Brands

Why Content Should Always Align With Brand Sales Goals

This post is part of the Content Q&A Series, featuring interviews with top content strategists and bloggers about their work and insights about the industry.

Content marketing needs more than great writing to truly add value to your brand. Whether you’re producing videos, articles, or blog pieces, you need to ensure that what you produce has a clear place in your company’s sales funnel.

“A viable content marketing strategy relates each persona and target audience to each phase of the sales engagement cycle,” said Suzanne Baran, content strategy director at Saatchi & Saatchi LA.

Her experience spans brands and publishers, as she has spent the last 14 years working with brands such as Yahoo, AT&T, Cisco, Scottrade, POM Wonderful, DirecTV, Teleflora, FIJI Water, California Psychics, AVG, The Hollywood Reporter, and Buzz Media.

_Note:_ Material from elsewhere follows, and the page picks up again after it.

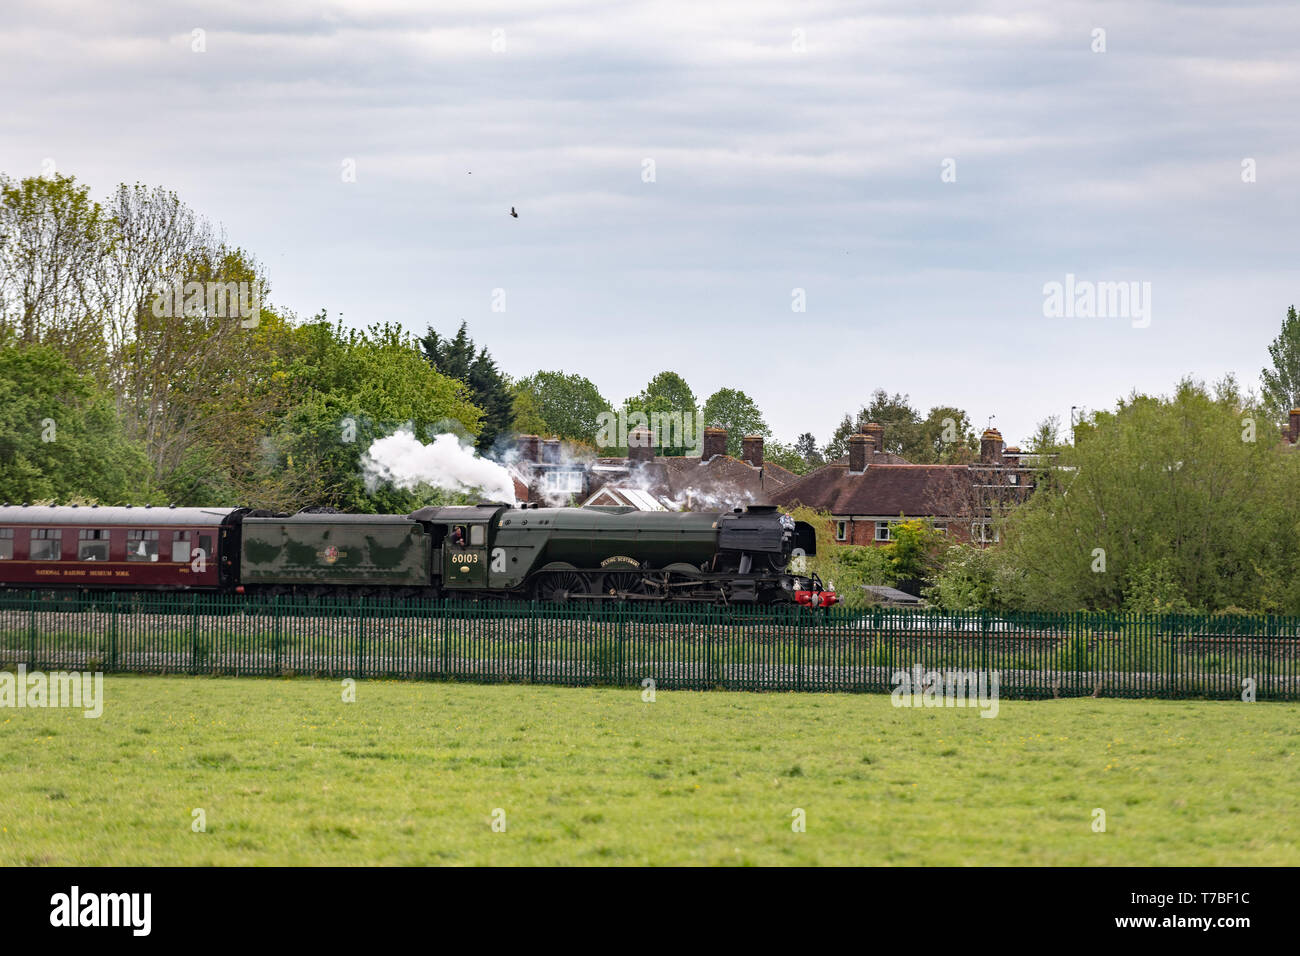 Oxford, Oxfordshire, UK. 5 May, 2019. The famous Flying Scotsman, Engine Number 60103, crosses alongside Port Meadow in Oxford Sunday evening. The train was delayed due to a broken rail and onlookers on the tracks. Credit: Sidney Bruere/Alamy Live News Stock Photo

Here’s what she’s learned:

1. Start with a content engagement map

“Companies can learn from creating content that provides rich information.”

First and foremost, brand marketers need to jump into their content plans with clear revenue goals. A first step in that process is to create a map that links content back to your business model.

“Creating a content engagement map informs what type of content will serve the needs of a potential consumer,” Baran said. “For example, if Jane is unfamiliar with a retail brand, she might fall in the top of the sales cycle under ‘awareness.’ Jane may not have a pressing need or pain point just yet. Her only pain point is not being able to find the perfect pumps.”

Content will facilitate the introductory handshake to our brand, according to Baran.

“Instead of bombarding her with bombastic marketing materials, companies can learn from creating content that provides rich information, such as a photo gallery on spring’s hottest colors,” Baran said.

2. Appoint a visionary to lead with stride

“Brands often lack structure around content creation … buy-in is often a challenge, and the process is rarely collaborative.”

The most common reason why content strategies fall flat is simple — brands fail to jump in with clearly defined objectives. You need a person to take the lead to oversee planning, creation, production, and maintenance of the entire content lifecycle. Leading content strategist Erin Scime calls this individual the “content czar.”

“Brands need to empower their czar with authority, accountability, and responsibility,” Baran said. “Often, companies do a poor job of creating this role and evangelizing the significance to internal and external facing stakeholders. Brands often lack structure around content creation. Outside resources will build their strategy, but buy-in is often a challenge, and the process is rarely collaborative.”

The key to success is flexibility.

“Brands are becoming publishers,” Baran said. “They are breaking news and require a nimble approach to publishing content across multiple platforms, especially social. Social influencers are becoming more convincing than other digital mediums.”

3. Get your measurement tools in place

“The most commonly used metric isn’t the most effective measurement tool.”

Baran encourages brands to get their metrics in order.

“Most brands I’ve worked with have multiple tools and disparate metrics, poor tagging, and the list goes on,” Baran said. “I advocate for Google Analytics and dashboards for content teams so that they have access data to inform their programming decisions.”

Don’t rely on a cookie-cutter approach to measuring success, she recommends.

“Conversions are defined differently by each brand,” Baran said. “The most commonly used metric isn’t the most effective measurement tool—pageviews and reach. Sign-ups, registrations, and information requests are widespread types of content marketing conversions. The least widespread type of conversion is video views and downloads, which is increasing in relevancy.”

It is essential that content marketers be data driven.

“I help brands by optimizing their content, specifically by identifying and delivering the right message for the right audience at the right time,” Baran said.